**Goal of the exercise**. Give the listing again, word for word.

**Data supplied**.

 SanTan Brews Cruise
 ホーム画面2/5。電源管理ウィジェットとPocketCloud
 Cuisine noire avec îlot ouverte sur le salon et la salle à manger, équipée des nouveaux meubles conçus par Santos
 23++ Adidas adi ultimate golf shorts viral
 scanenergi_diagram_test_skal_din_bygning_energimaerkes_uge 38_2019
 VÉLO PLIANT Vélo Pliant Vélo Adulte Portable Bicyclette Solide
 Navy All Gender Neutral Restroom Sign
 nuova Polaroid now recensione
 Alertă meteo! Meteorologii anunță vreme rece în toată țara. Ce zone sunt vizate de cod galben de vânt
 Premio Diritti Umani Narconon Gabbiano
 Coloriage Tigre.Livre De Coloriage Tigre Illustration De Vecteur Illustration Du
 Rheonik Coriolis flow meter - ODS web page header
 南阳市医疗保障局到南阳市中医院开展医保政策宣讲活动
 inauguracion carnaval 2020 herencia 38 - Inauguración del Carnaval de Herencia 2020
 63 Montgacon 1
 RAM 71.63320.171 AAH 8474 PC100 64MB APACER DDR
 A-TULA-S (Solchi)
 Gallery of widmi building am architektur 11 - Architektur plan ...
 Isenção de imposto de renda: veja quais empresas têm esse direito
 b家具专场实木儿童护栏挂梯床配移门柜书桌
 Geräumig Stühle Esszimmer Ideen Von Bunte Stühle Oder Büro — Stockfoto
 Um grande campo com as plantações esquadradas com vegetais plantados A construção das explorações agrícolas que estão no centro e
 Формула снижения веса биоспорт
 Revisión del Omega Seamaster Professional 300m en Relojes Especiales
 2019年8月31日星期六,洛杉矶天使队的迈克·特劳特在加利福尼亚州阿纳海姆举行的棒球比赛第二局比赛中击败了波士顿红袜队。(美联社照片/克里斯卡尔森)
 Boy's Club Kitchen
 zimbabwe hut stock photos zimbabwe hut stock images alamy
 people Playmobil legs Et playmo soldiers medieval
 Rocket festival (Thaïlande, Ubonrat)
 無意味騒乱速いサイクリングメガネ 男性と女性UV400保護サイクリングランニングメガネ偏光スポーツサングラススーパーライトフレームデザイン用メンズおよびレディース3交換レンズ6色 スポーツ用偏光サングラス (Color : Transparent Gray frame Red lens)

**Answer box**.
 SanTan Brews Cruise
 ホーム画面2/5。電源管理ウィジェットとPocketCloud
 Cuisine noire avec îlot ouverte sur le salon et la salle à manger, équipée des nouveaux meubles conçus par Santos
 23++ Adidas adi ultimate golf shorts viral
 scanenergi_diagram_test_skal_din_bygning_energimaerkes_uge 38_2019
 VÉLO PLIANT Vélo Pliant Vélo Adulte Portable Bicyclette Solide
 Navy All Gender Neutral Restroom Sign
 nuova Polaroid now recensione
 Alertă meteo! Meteorologii anunță vreme rece în toată țara. Ce zone sunt vizate de cod galben de vânt
 Premio Diritti Umani Narconon Gabbiano
 Coloriage Tigre.Livre De Coloriage Tigre Illustration De Vecteur Illustration Du
 Rheonik Coriolis flow meter - ODS web page header
 南阳市医疗保障局到南阳市中医院开展医保政策宣讲活动
 inauguracion carnaval 2020 herencia 38 - Inauguración del Carnaval de Herencia 2020
 63 Montgacon 1
 RAM 71.63320.171 AAH 8474 PC100 64MB APACER DDR
 A-TULA-S (Solchi)
 Gallery of widmi building am architektur 11 - Architektur plan ...
 Isenção de imposto de renda: veja quais empresas têm esse direito
 b家具专场实木儿童护栏挂梯床配移门柜书桌
 Geräumig Stühle Esszimmer Ideen Von Bunte Stühle Oder Büro — Stockfoto
 Um grande campo com as plantações esquadradas com vegetais plantados A construção das explorações agrícolas que estão no centro e
 Формула снижения веса биоспорт
 Revisión del Omega Seamaster Professional 300m en Relojes Especiales
 2019年8月31日星期六,洛杉矶天使队的迈克·特劳特在加利福尼亚州阿纳海姆举行的棒球比赛第二局比赛中击败了波士顿红袜队。(美联社照片/克里斯卡尔森)
 Boy's Club Kitchen
 zimbabwe hut stock photos zimbabwe hut stock images alamy
 people Playmobil legs Et playmo soldiers medieval
 Rocket festival (Thaïlande, Ubonrat)
 無意味騒乱速いサイクリングメガネ 男性と女性UV400保護サイクリングランニングメガネ偏光スポーツサングラススーパーライトフレームデザイン用メンズおよびレディース3交換レンズ6色 スポーツ用偏光サングラス (Color : Transparent Gray frame Red lens)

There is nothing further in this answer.